Health and Safety Policy
The first answer to what documents are required to comply with Health and Safety law; is a policy. But how do you make that policy both legally compliant but also meet the needs of your business?
Your Health and Safety policy demonstrates your commitment to managing Health and Safety. It details responsibilities, what activities will take place and how you will implement them.
You must communicate it to all workers, contractors, visitors and even potentially inspectors! Therefore it is important to make sure it is up to date and fit for purpose.
If you meet these requirements it ensures your legal compliance with The Health and Safety at Work Act 1974 s2(3) and if you have more than 5 employees by writing it down; The Management of Health and Safety at Work Regulations 1999.
To make your policy a beneficial working document it should be set out into the following three sections:
Health and Safety Policy Statement
This represents your businesses vision for Health and Safety in the organisation; a good policy will be in line with your overall mission statement and values. It should be signed by the most senior person in the organisation.

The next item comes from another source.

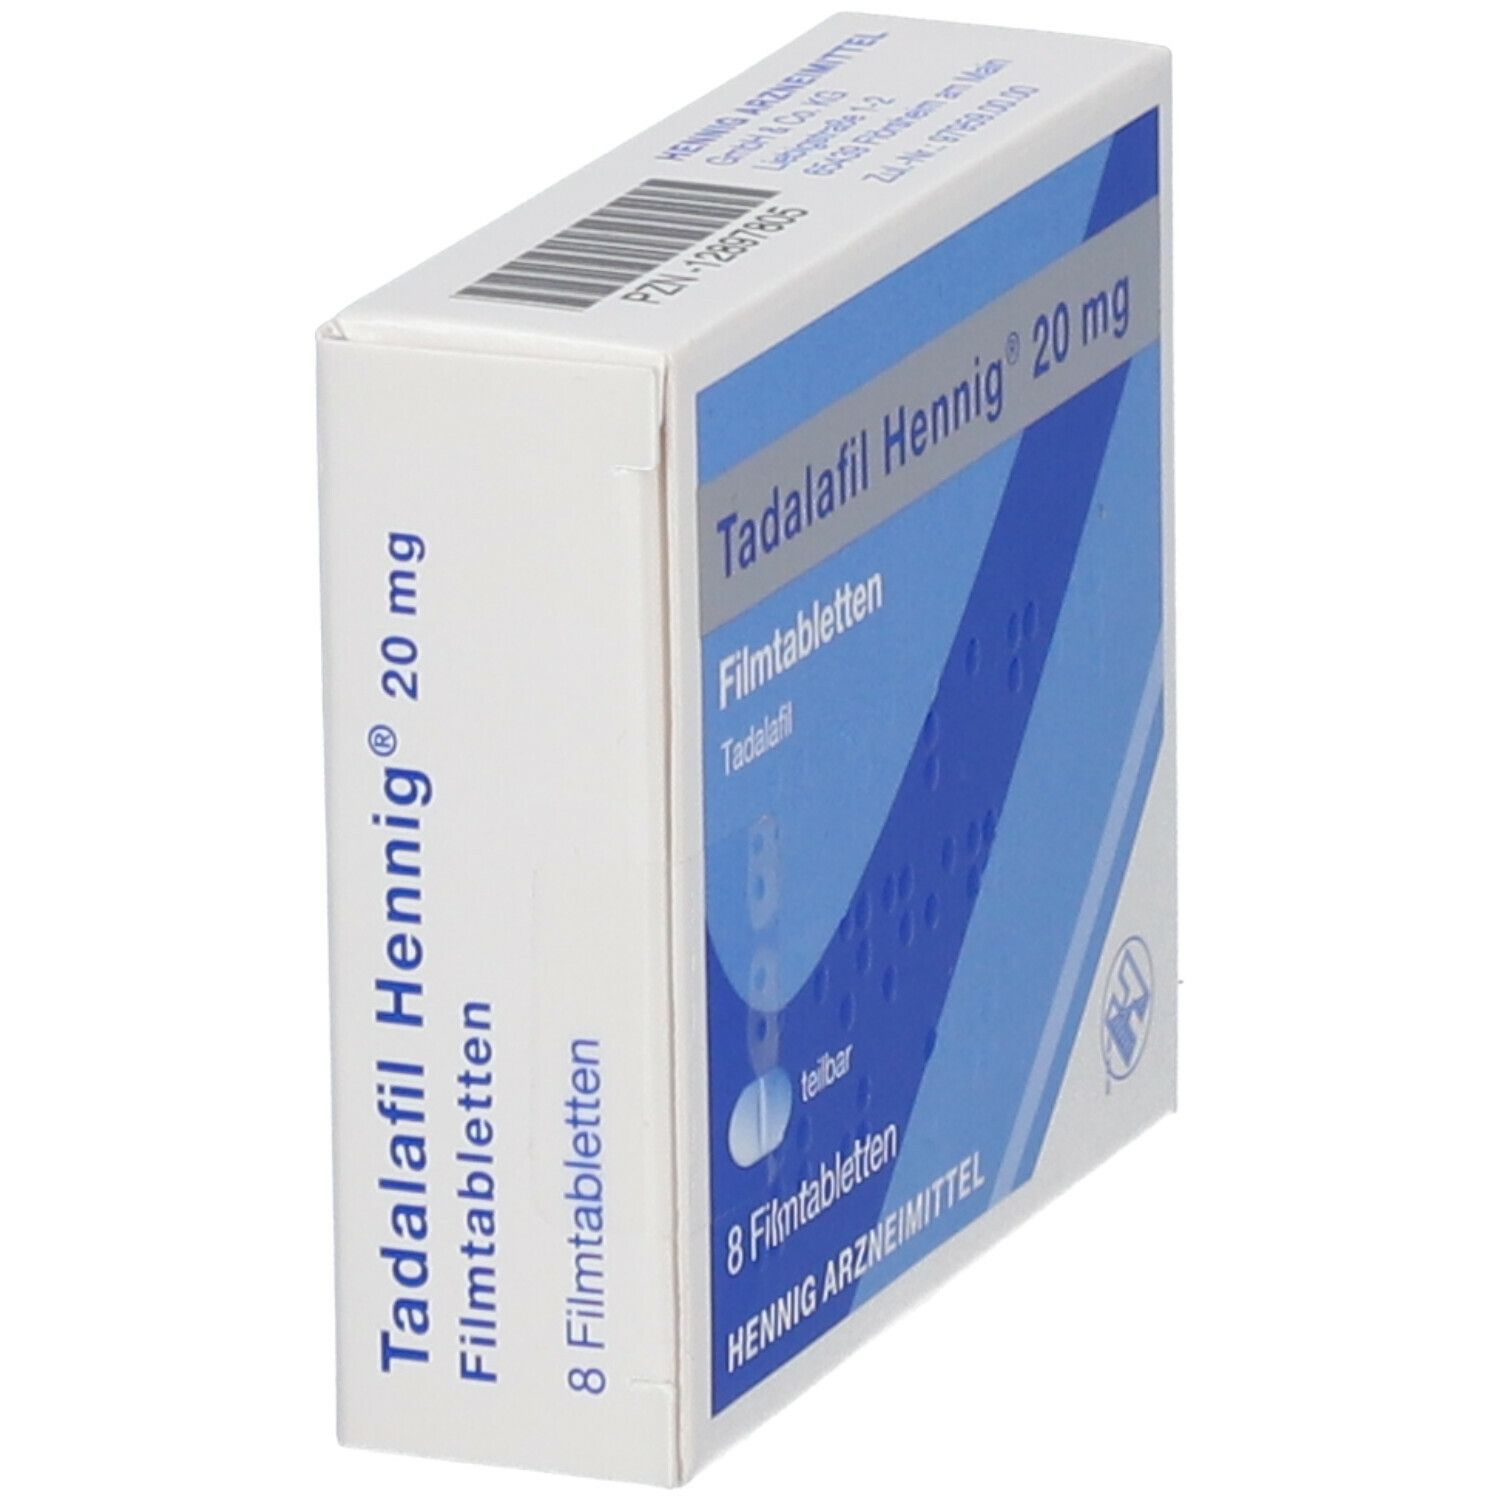 Tadalafil Hennig® 20 mg
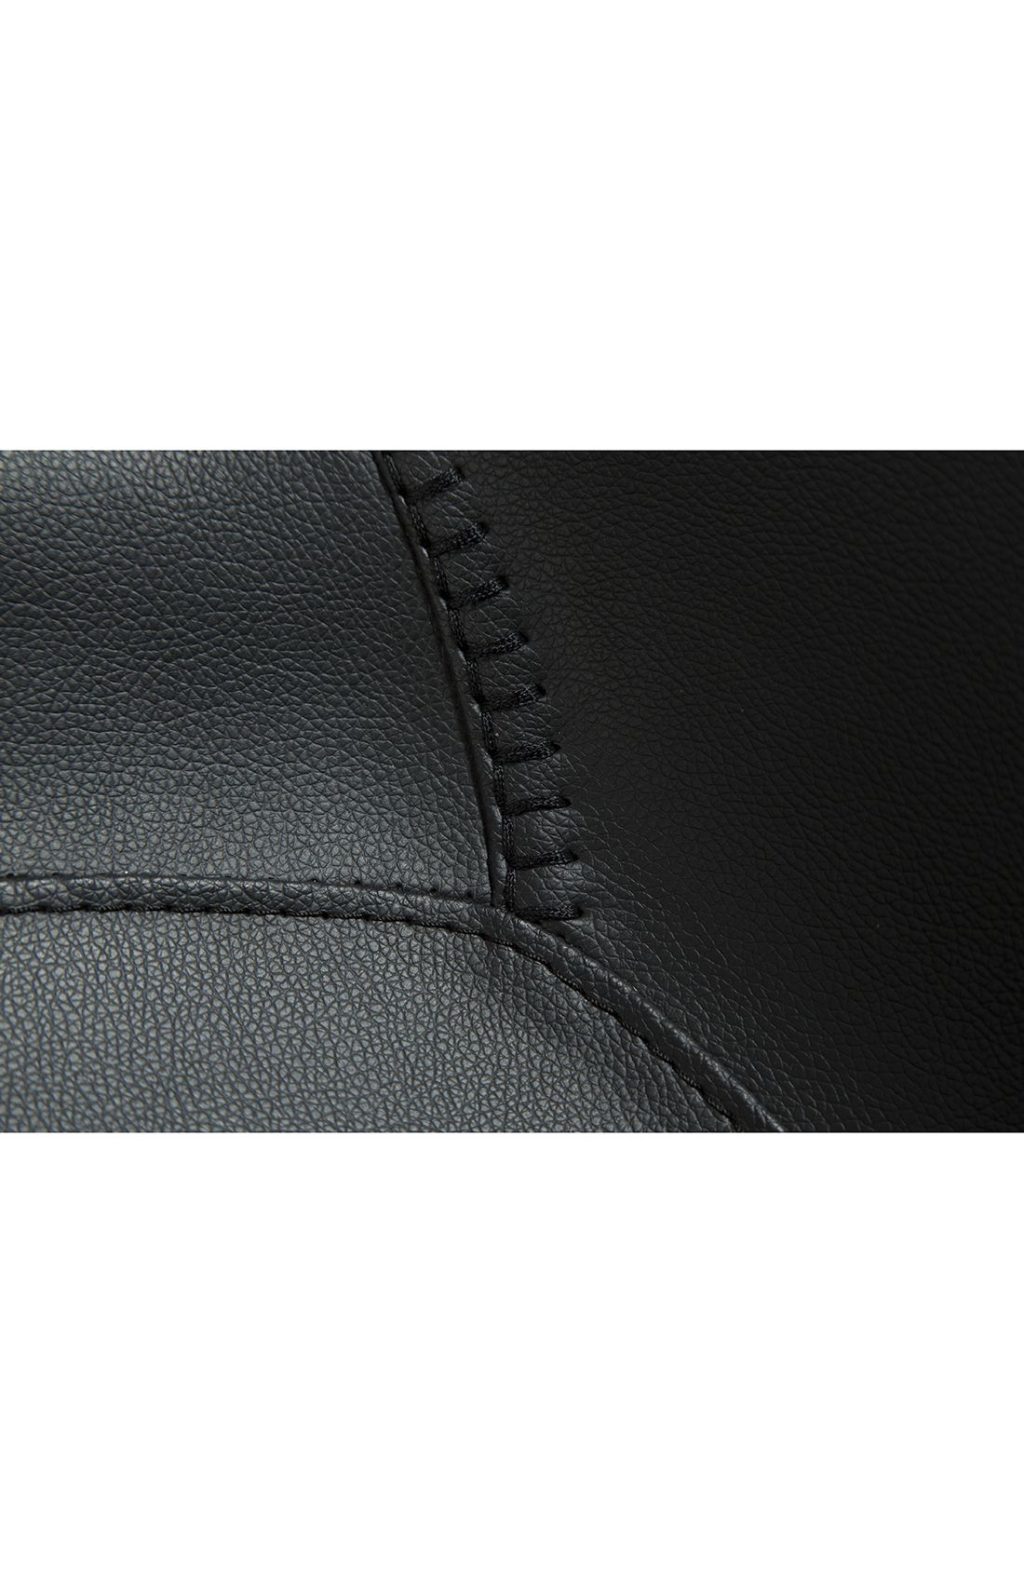 Vintage melna ādas sēžamā daļa ar melnām metāla kājām.

This details Health and Safety roles and their responsibilities. It also covers your specific Health and Safety management systems, frameworks and communication methods such as meetings, toolbox talks etc.
Health and Safety Arrangements
These are the activities you have in place manage Health and Safety. You don’t need to duplicate policies and procedures you have in place; but inform the reader as to their purpose and where the document can be found.
Implement your Health and Safety policy
Writing a good policy and getting it signed is just the beginning!
You should implement it into your working practices. This responsibility should be given to a senior manager. You should communicate it through consultation, allowing for feedback that should be actively listened to.
Keep it safe
Storage and retention of your policy and supporting documents should be detailed in the policy. It should be accessible so consider paper and electronic copies, and as a result be in a format that you can easily updated.
Reviewing your policy will keep it up to date and relevant; and is a legal requirement. As a result an annual review takes place; or sooner following a major organisational change. Consequently you should track amendments and changes made brought to the attention of all staff, contractors etc.